Expedition AL628 is the first of three missions to collect data for three major munitions projects: CONMAR, which investigates munitions management in German waters; MUNI-RISK, which focuses on the entire Baltic Sea; and MMinE-SwEEPER, a nine-country European research effort. In addition to scientific and technological objectives — such as assessing munitions contamination and improving autonomous mapping and analysis methods — the expedition also promotes international cooperation.

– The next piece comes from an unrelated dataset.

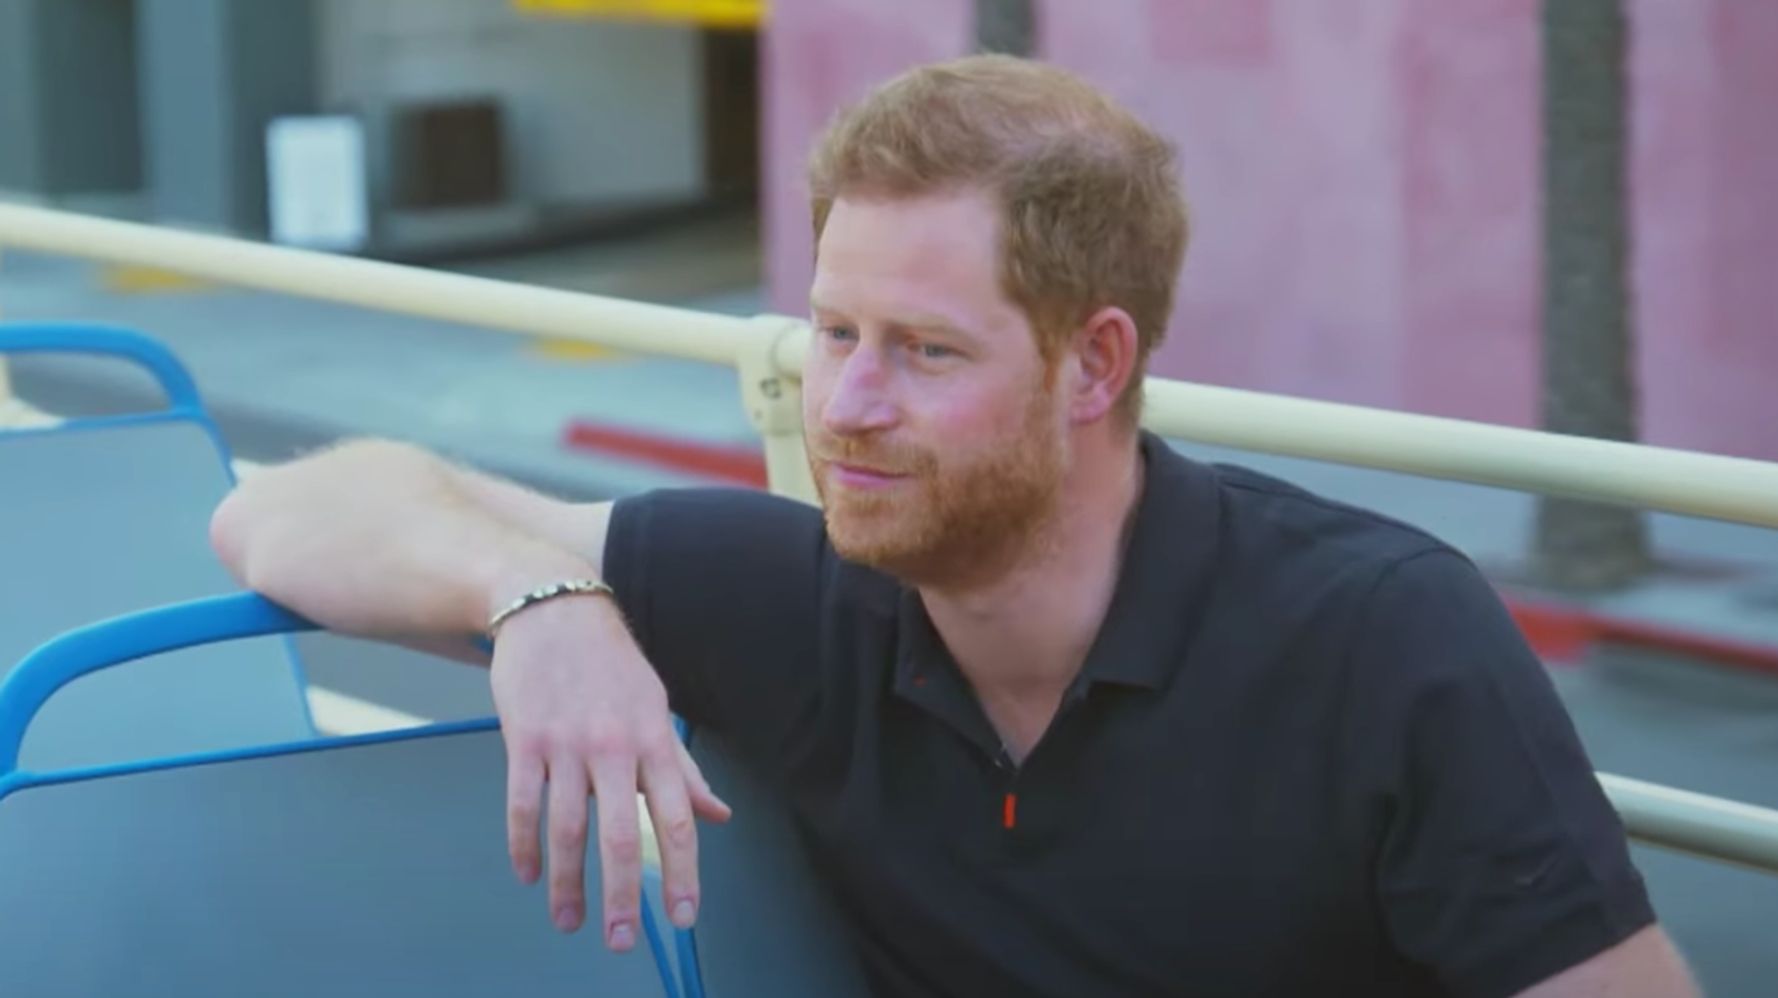 Prince Harry opens a step back about the royal family: “It was destroying my mental health”
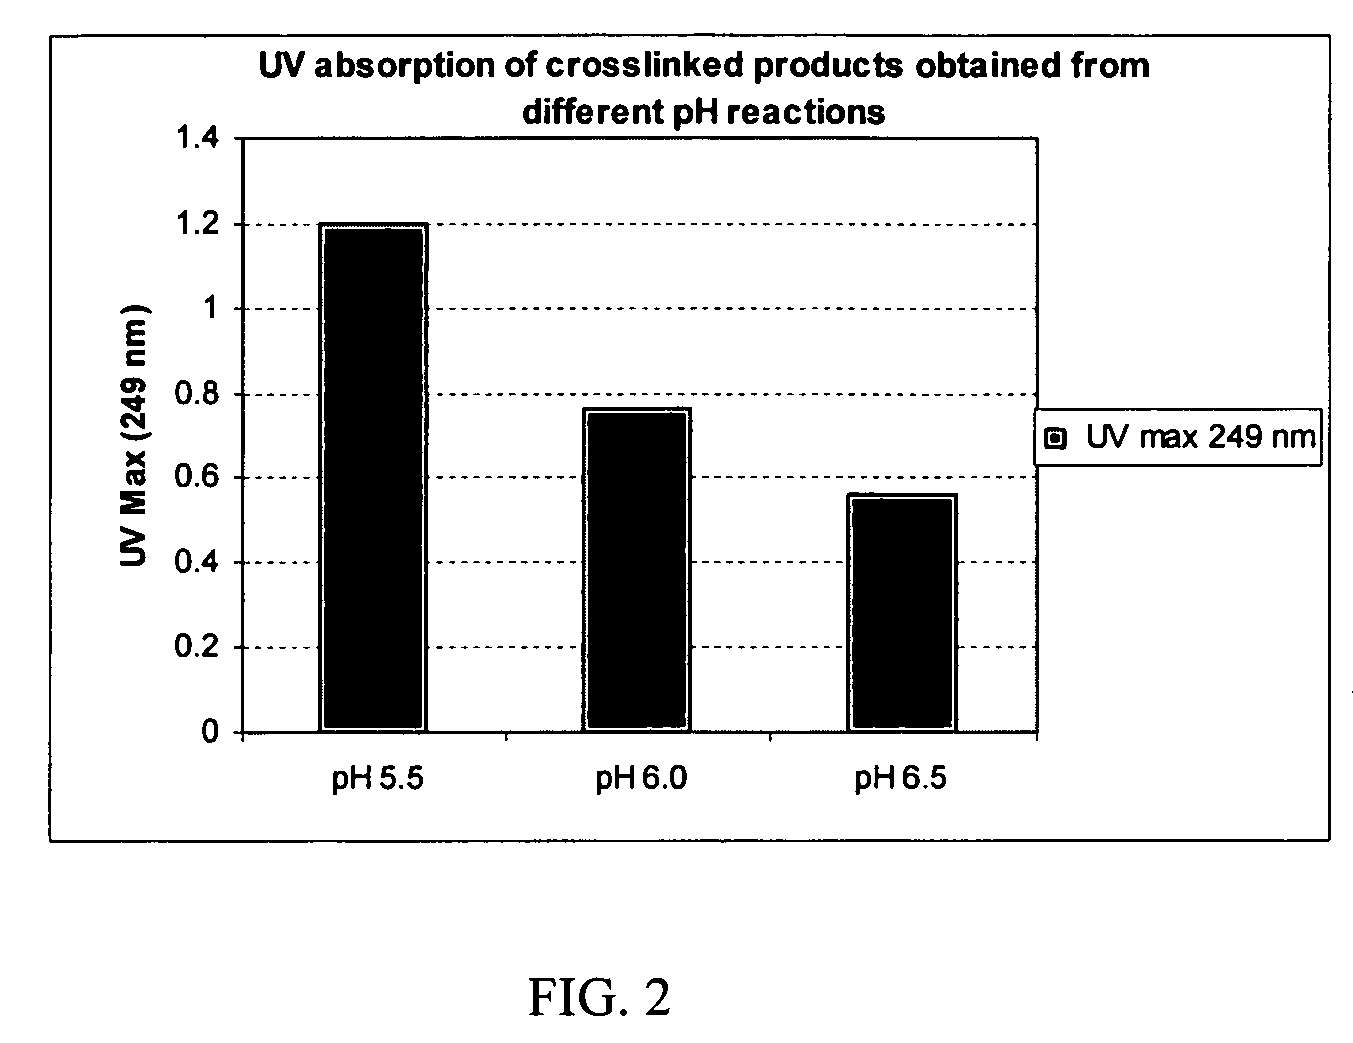 Crosslinked hyaluronic acid compositions for tissue augmentation

“We rely on the exchange of knowledge and data,” says chief scientist Prof. Dr Jens Greinert, marine geologist and munitions expert at GEOMAR. “Where could old munitions be located?” Looking out over the vast ocean around the ship, the challenge is evident: where to start searching? Even when there are clues, the search remains complex and often time-consuming.

For the area south-west of Bornholm, there were such indications. Jens Greinert explains: “On the other side of the island, chemical munitions were dumped in 1947, and this area here is classified as a relocation area. In the past, when fishermen found remnants of chemical warfare agents in their catch, they were instructed to dispose of them here".

Seeing through the eye of KÄPT’N BLAUBÄR

While ALBERT and TIFFY scan the seabed in the area, KÄPT’N BLAUBÄR’s camera allows the research team to monitor the conditions in real time: lots of rocks, some covered in marine growth, but no sign of chemical munitions. Chemical analysis of water samples taken at the same time shows no evidence of explosives. “That is good news,” summarises Greinert.

Next, ALKOR will head to munitions dumping sites in the Bay of Lübeck, where researchers from the Polish institute IOPAN and the German Federal Police will join the expedition. The final destination will be off the coast of Boltenhagen, where a barge loaded with conventional munitions was sunk after the Second World War. The contents of the barge, which is lying on the seabed, will be cleared by an explosive ordnance disposal company from Rostock in June and July.

The next expedition is planned for October 2025 and will focus on investigating chemical munitions in Polish waters.

About: Unexploded Ordnance in the Baltic Sea

An estimated 40,000 tonnes of chemical munitions from World War II, along with over one million tonnes of unexploded ordnance (UXO), lie submerged in the Baltic Sea. Containing hazardous substances like mustard gas and arsenic compounds, often in corroding containers, these munitions pose serious risks to marine ecosystems, human health, and industries such as fishing and offshore wind energy. Researching these legacy munitions is a complex challenge, beginning with the mapping of munitions dumping sites and former battle zones. Reliable technologies are still lacking for the automated detection of hazardous objects and for accurately assessing their risk potential. The expeditions with the research vessel ALKOR aim to gather data to further develop such technologies, improve understanding of the environmental impacts of munitions contamination in the Baltic Sea, and ultimately contribute to long-term solutions for safe handling.

About: MUNI-RISK

MUNI-RISK, or Mitigation of Risks Due to Submerged Munitions for a Sustainable Development of the Baltic Sea, is an EU-funded project dedicated to addressing the risks posed by old munitions on the seafloor of the Baltic Sea. These remnants of past conflicts, including World War II, can pose serious environmental and safety hazards. The project aims to identify the most critical areas for remediation and improve risk assessments, especially in locations where new infrastructure, such as offshore wind farms, is planned. By compiling and analysing data from Baltic Sea countries, MUNI-RISK will help fill knowledge gaps, promote a science-based approach to managing underwater munitions, and support public and private entities in incorporating munitions risks into environmental impact assessments. The project’s findings will be shared with national and international stakeholders, ensuring that the methods developed can also be applied to other regions, such as the Black Sea.